» TASK OBJECTIVE:
In the entries below, find the line with "画像8: 先日11月27日より2泊3日で 山旅会 「京都」 ツアーにいってまいりました!" and the line with "兄弟愛連帯遊び場Maxfind ペダルフック デラックス". Reproduce those two lines and every line between them exactly, and nothing more.

Segment Start: EXCERPTED DATA

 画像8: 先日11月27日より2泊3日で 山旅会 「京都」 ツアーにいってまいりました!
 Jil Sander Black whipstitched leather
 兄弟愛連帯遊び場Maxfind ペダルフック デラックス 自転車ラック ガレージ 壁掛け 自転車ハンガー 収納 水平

Segment End: EXCERPTED DATA
Segment Start: EXCERPTED DATA

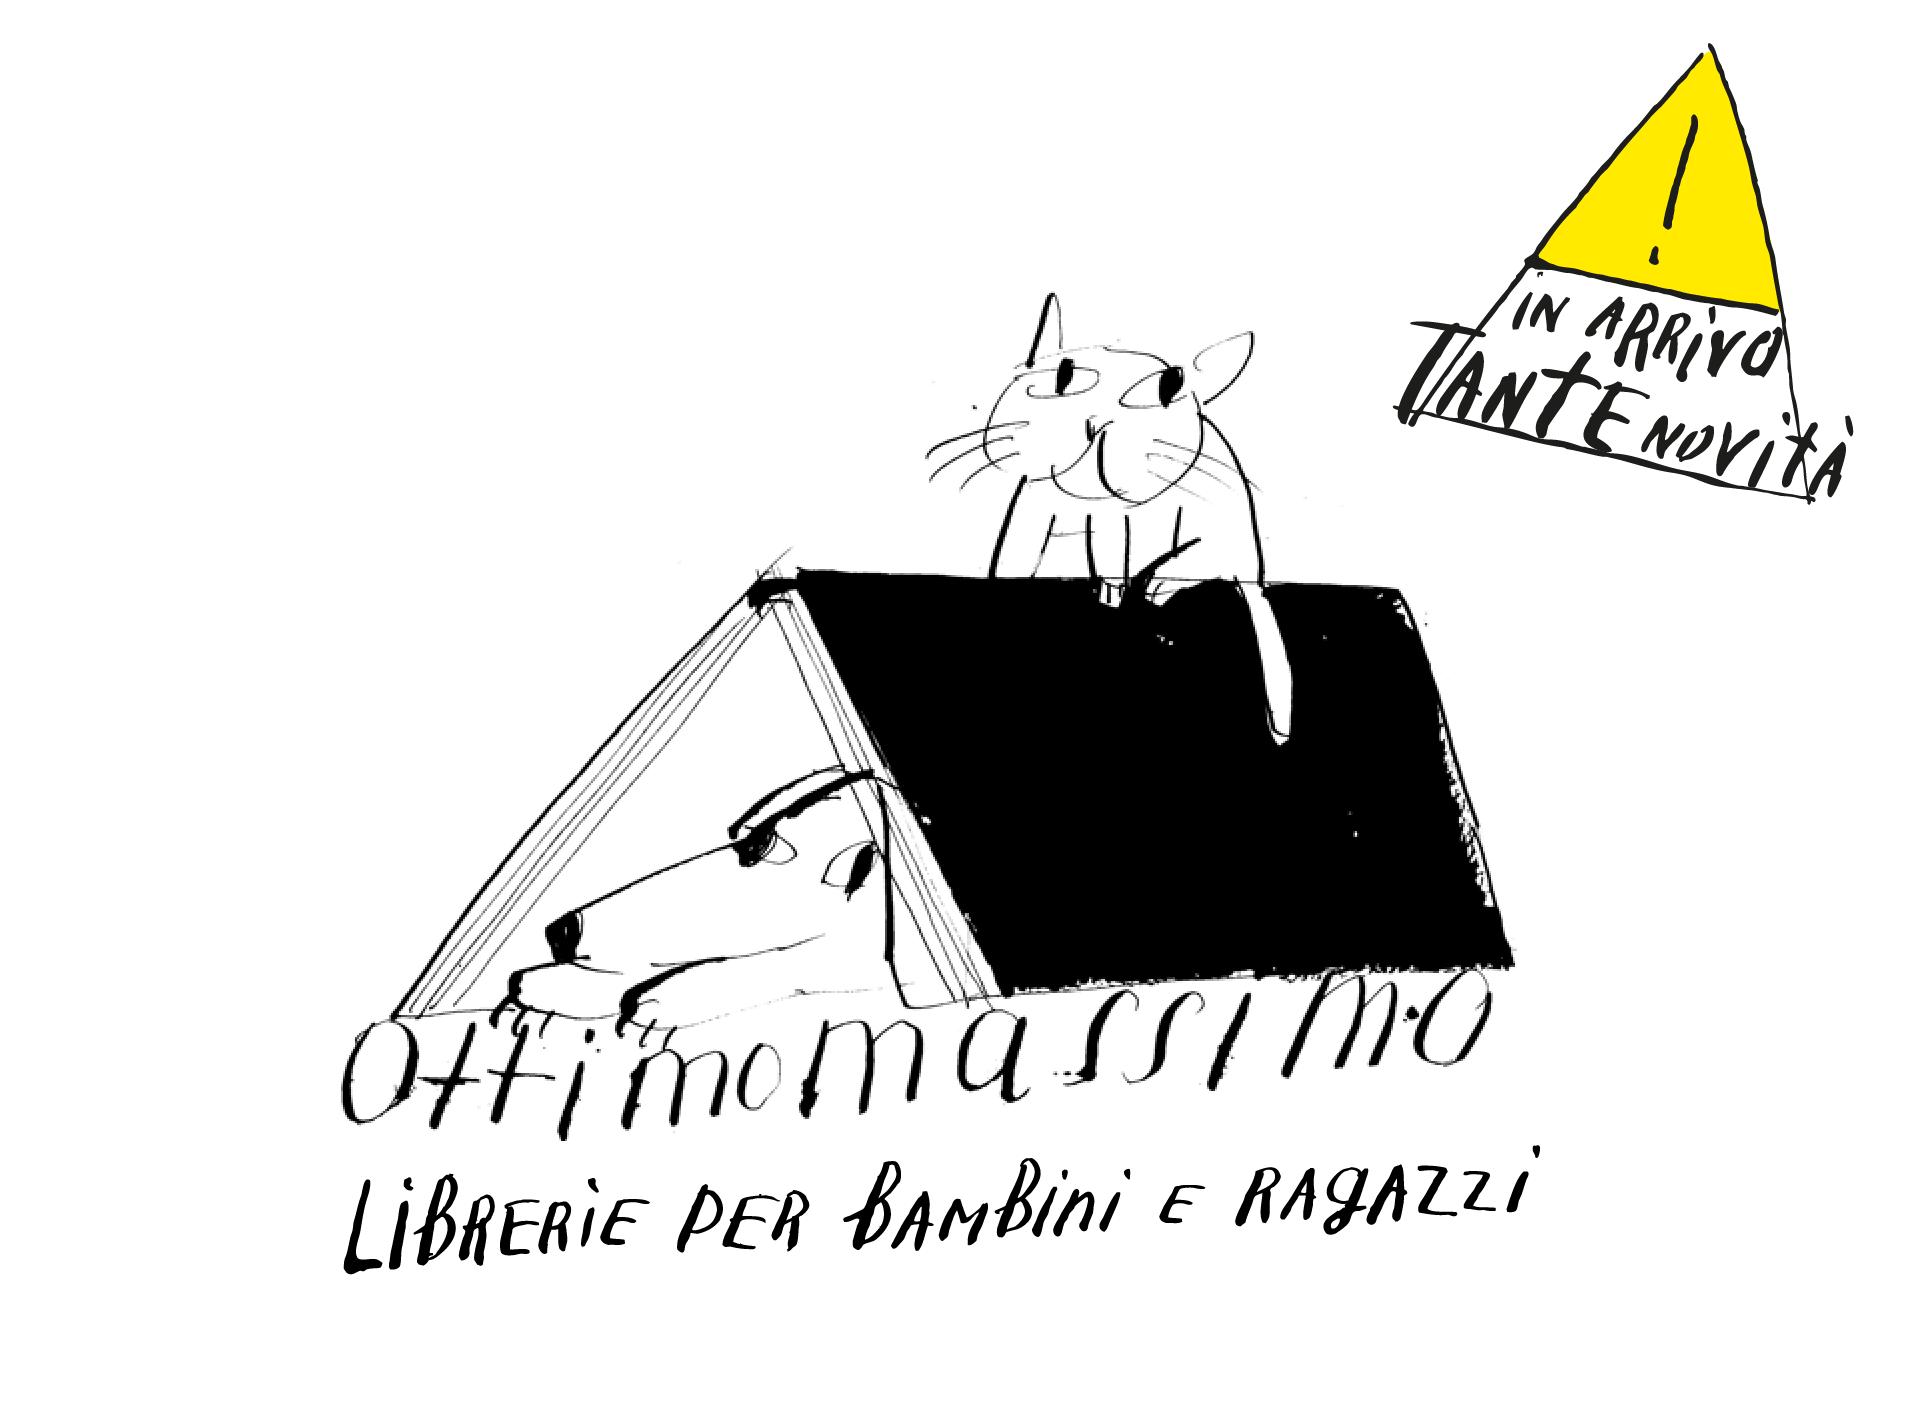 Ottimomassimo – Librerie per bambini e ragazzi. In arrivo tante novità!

Segment End: EXCERPTED DATA

» ANSWER TO THE EXERCISE:
 画像8: 先日11月27日より2泊3日で 山旅会 「京都」 ツアーにいってまいりました!
 Jil Sander Black whipstitched leather
 兄弟愛連帯遊び場Maxfind ペダルフック デラックス 自転車ラック ガレージ 壁掛け 自転車ハンガー 収納 水平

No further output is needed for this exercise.